PROBLEM TO WORK ON:
Here are some records; copy every line that holds the word "keyboard".

EXERCISE INPUTS:
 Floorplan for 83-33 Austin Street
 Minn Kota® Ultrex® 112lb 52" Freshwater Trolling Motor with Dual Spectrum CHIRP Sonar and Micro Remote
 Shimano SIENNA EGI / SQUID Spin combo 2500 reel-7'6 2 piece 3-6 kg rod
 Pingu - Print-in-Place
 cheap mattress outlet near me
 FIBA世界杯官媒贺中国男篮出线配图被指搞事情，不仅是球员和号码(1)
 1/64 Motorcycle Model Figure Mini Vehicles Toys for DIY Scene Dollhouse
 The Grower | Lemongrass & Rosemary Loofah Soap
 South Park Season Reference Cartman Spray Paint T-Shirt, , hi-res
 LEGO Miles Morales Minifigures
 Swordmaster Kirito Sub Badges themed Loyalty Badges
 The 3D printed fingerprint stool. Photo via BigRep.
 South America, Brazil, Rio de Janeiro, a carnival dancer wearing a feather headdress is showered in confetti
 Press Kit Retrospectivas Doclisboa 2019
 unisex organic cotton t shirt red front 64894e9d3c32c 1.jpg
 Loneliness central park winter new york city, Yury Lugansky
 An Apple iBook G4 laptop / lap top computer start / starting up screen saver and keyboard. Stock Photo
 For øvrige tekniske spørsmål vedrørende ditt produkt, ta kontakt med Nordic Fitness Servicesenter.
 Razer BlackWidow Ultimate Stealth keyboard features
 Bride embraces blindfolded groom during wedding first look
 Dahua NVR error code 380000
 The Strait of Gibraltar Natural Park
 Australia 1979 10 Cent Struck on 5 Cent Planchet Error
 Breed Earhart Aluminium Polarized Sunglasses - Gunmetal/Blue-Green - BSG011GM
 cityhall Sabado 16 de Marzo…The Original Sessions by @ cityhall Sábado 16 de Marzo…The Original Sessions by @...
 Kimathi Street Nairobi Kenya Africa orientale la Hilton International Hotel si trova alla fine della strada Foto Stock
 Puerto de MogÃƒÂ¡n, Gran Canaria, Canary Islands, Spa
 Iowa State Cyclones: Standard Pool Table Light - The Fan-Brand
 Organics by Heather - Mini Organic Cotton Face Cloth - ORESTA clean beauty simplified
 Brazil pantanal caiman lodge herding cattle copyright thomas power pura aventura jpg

SOLUTION FOR THIS EXERCISE:
 An Apple iBook G4 laptop / lap top computer start / starting up screen saver and keyboard. Stock Photo
 Razer BlackWidow Ultimate Stealth keyboard features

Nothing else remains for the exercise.